• _What you have to do_: Output the complete listing exactly, please, and keep the pictures out of it.

• _Information supplied_:
= = =

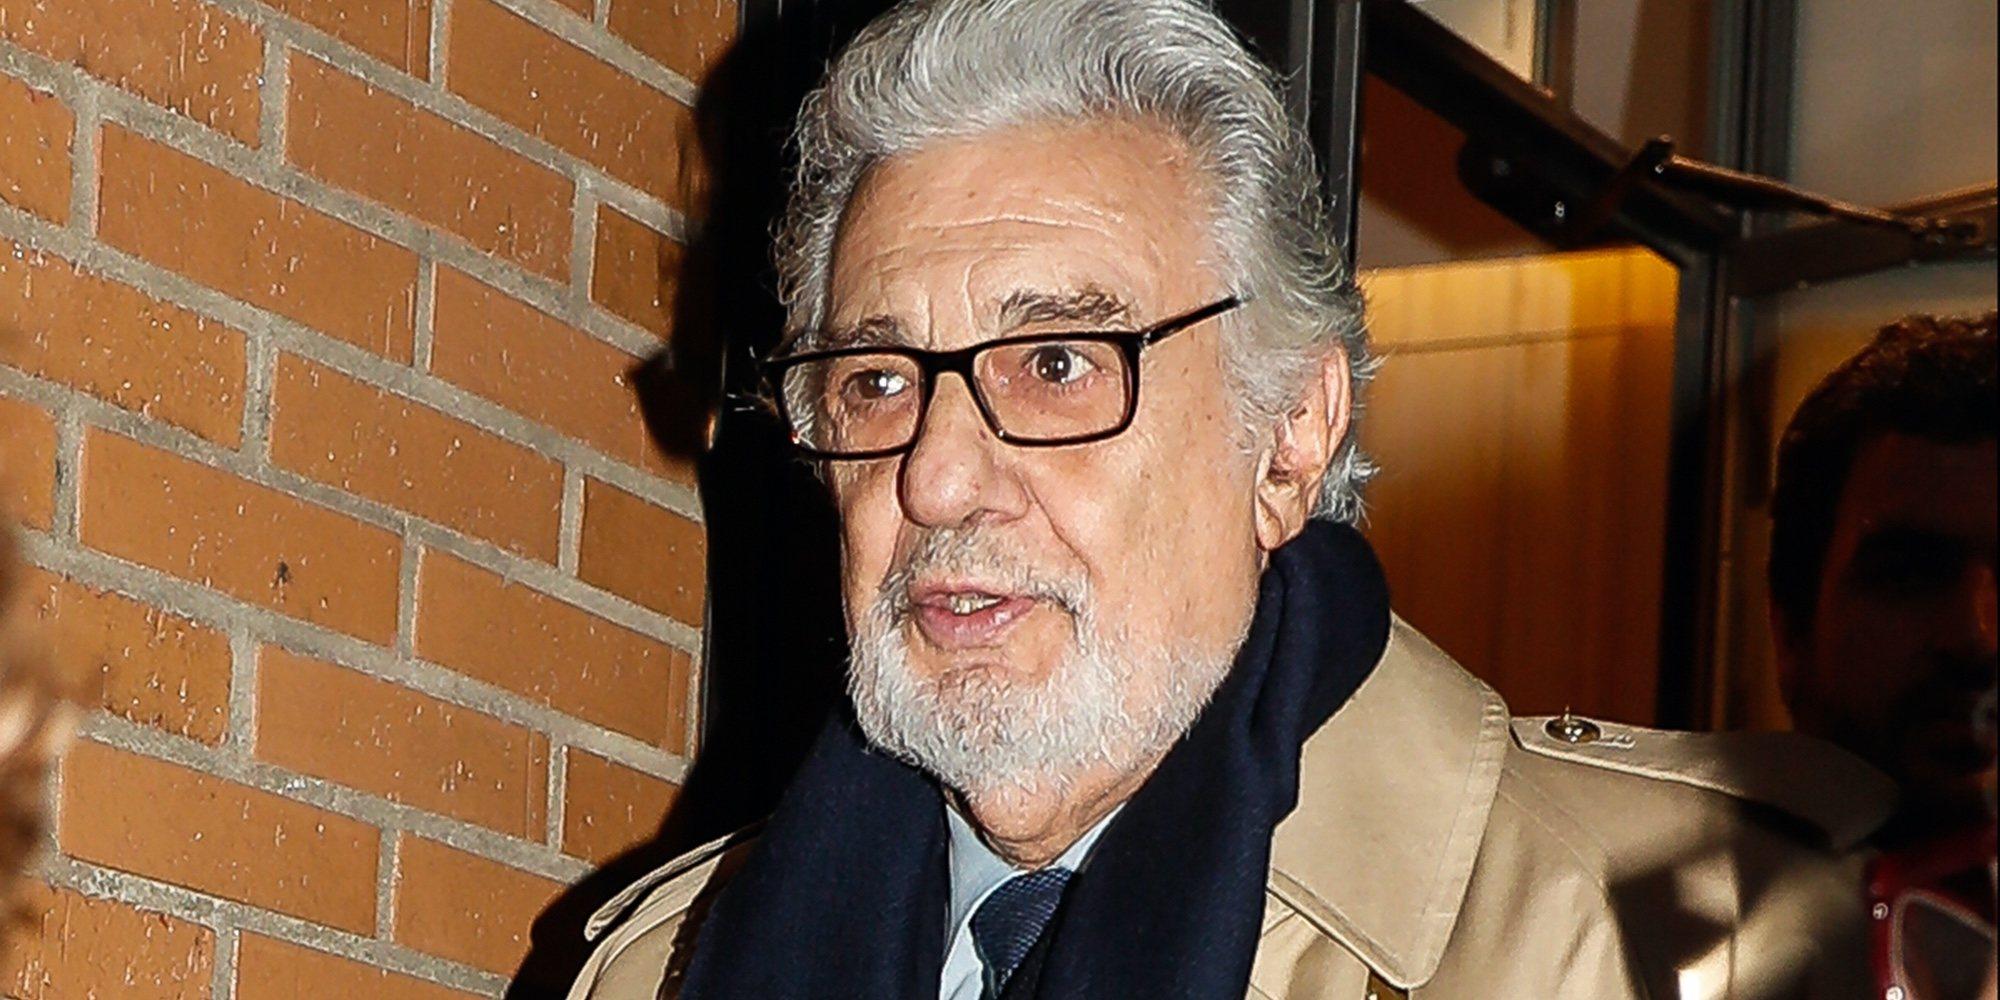 El sindicato que investigó a Plácido Domingo por acoso sexual le pidió medio millón de dólares por su silencio
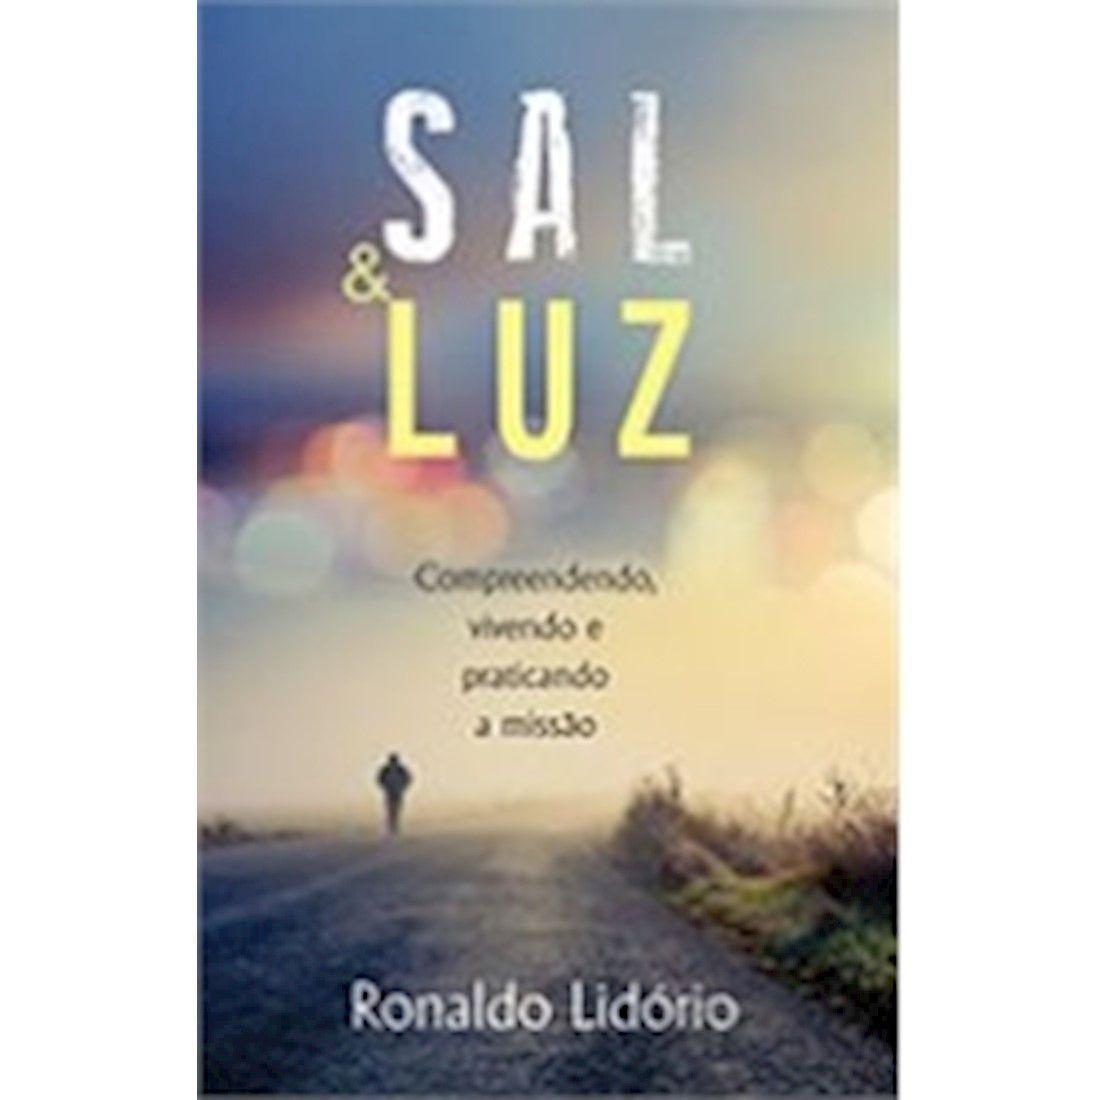 Livro Sal e Luz - Compreendendo, Vivendo e praticando a Missão
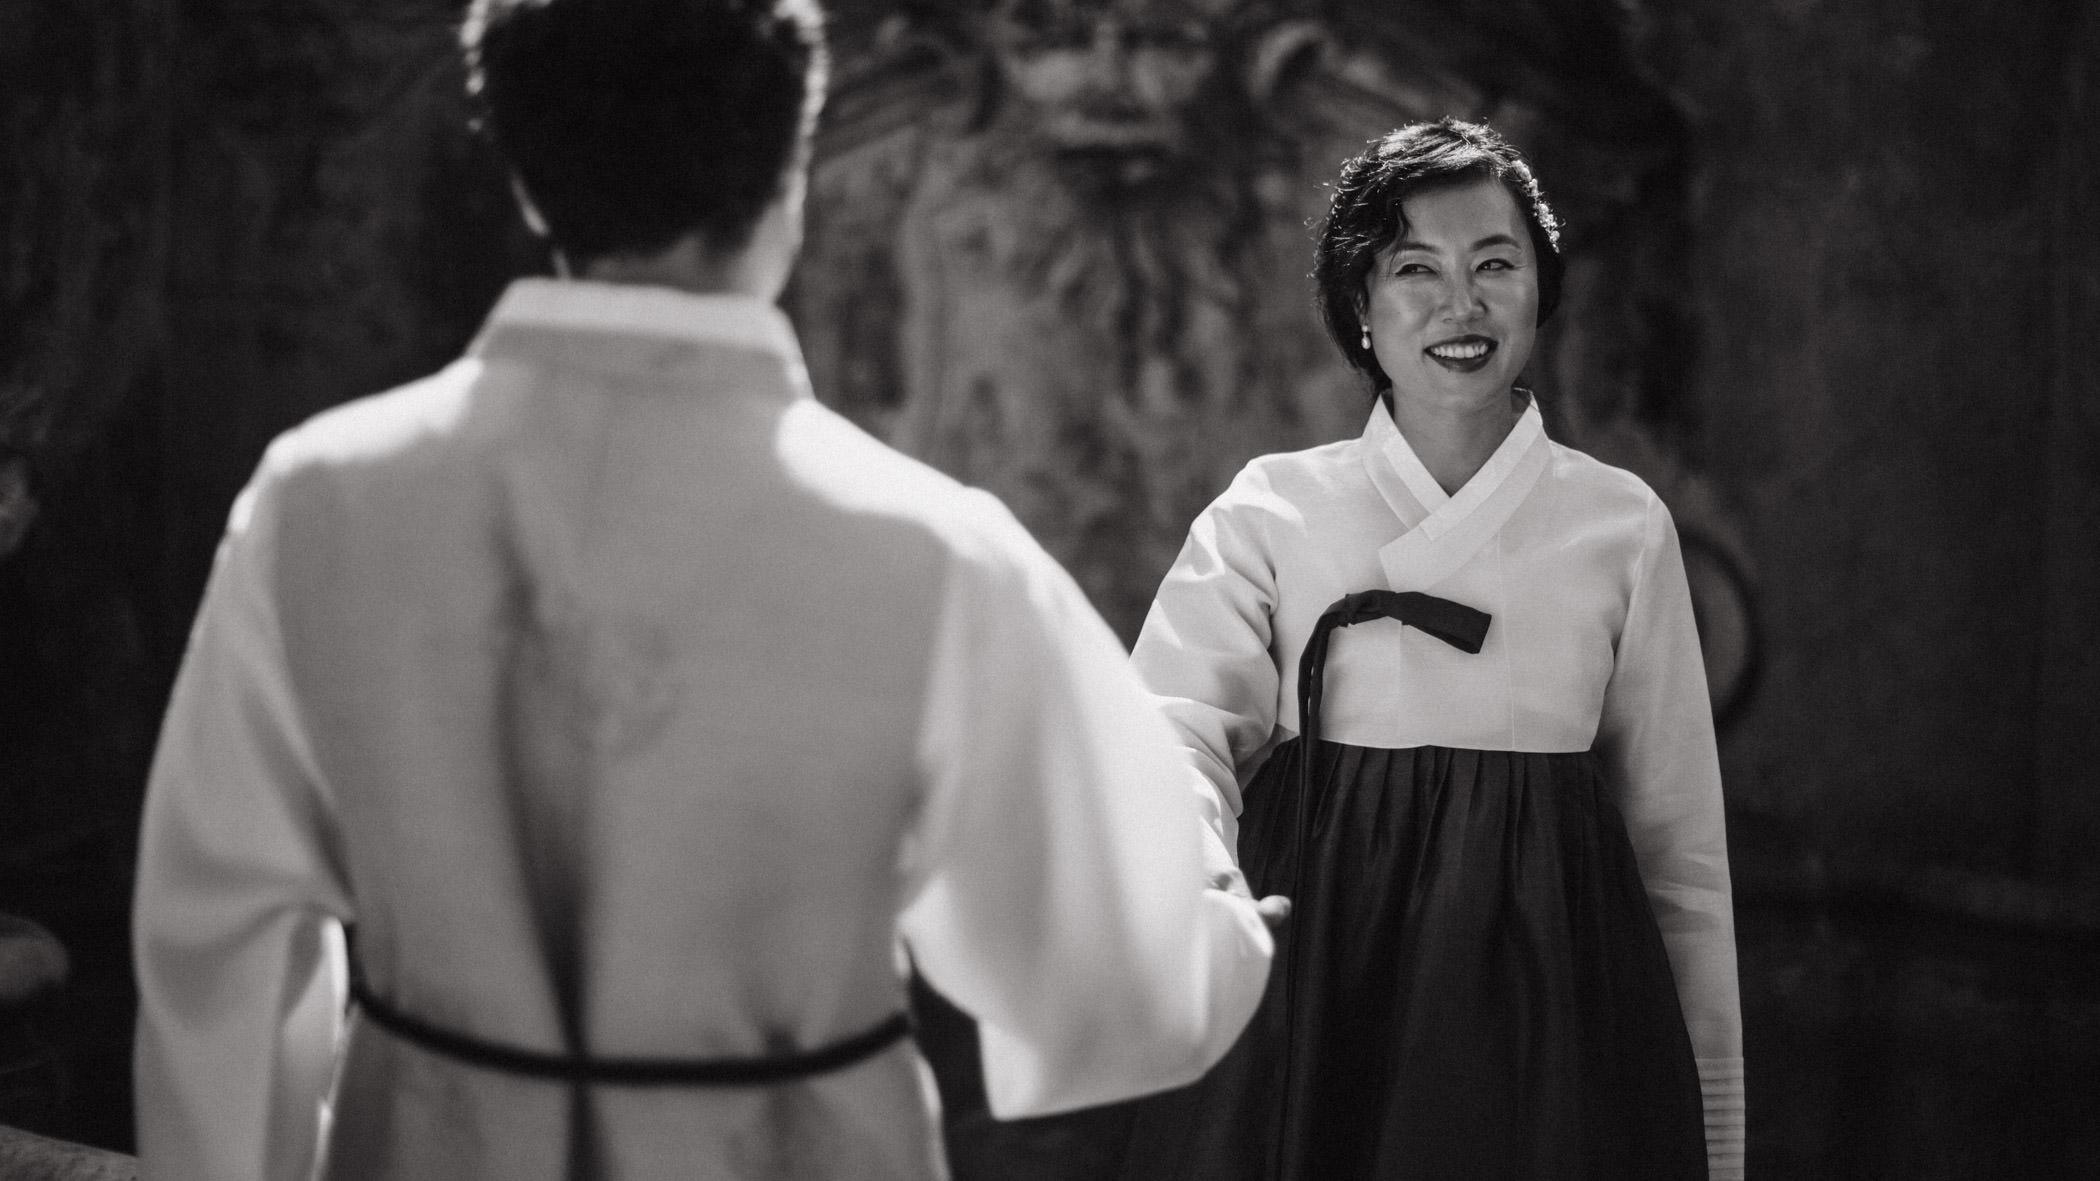 matrimonio bianco e nero in stile cinematografico villa faraggiana

= = =

• _Completed task_:
 El sindicato que investigó a Plácido Domingo por acoso sexual le pidió medio millón de dólares por su silencio
 Livro Sal e Luz - Compreendendo, Vivendo e praticando a Missão
 matrimonio bianco e nero in stile cinematografico villa faraggiana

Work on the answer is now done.